So, it's one thing to think about reducing energy usage at home or at work. But that's all micro.
But how to get macro? How does a neighborhood or city do the same?
That's what the American Institute of Architects
Sustainable Design Assessment Team is going to help figure out when it performs its audit of Detroit.
SDATs bring teams of volunteer professionals like architects, urban designers, planners, hydrologists, economists and attorneys to a city for a three-day charette and team them up with local architecture and engineering students along with government officials, community groups and other stakeholders.
Diane VanBuren Jones of WARM Training spearheaded the SDAT application and is now coordinating the assessment itself. She says the out-of-town experts will arrive with "a national eye on how sustainability will work in your community."
Jones is particularly interested in mapping the city's energy systems. "We will take it down to the level of each business," she says, citing a tortilla factory as an example.
"It brings in corn and wheat -- some of it from Ohio instead of Michigan -- and the production uses a ton of natural gas. There is people energy and transportation energy and energy to heat and light the building.
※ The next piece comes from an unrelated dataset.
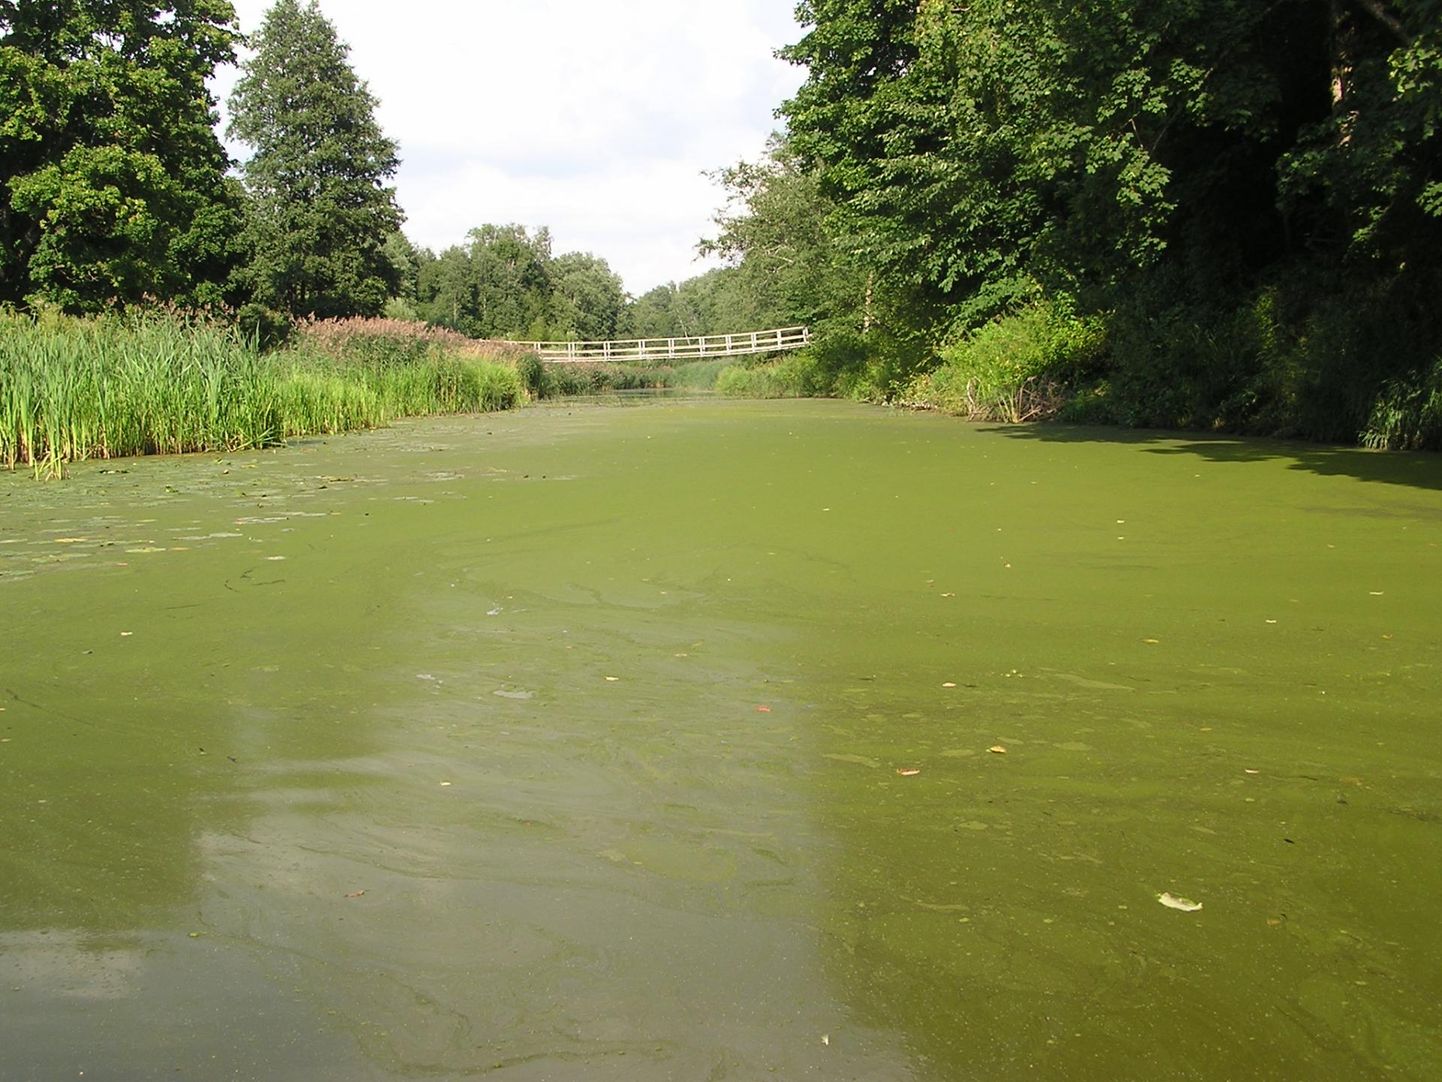 Sauga jõgi on kaetud rohelise kihiga vanast raudteesillast kuni Nurmeni.

A map of all such systems would allow experts to close some energy loops. "How much would be spent on all of those energy systems if we got smart about it?" she asks.
But it isn't just the environment motivating the SDAT process -- it's economics as well. Money saved by increased energy efficiency can create prosperity and new jobs, says Jones.
Which is why her next task is identifying funding sources for entrepreneurs, neighborhoods and developers that are interested in investing in green technologies such as solar panels or
anaerobic digesters.
Jones is currently working with several universities to select the date of the SDAT.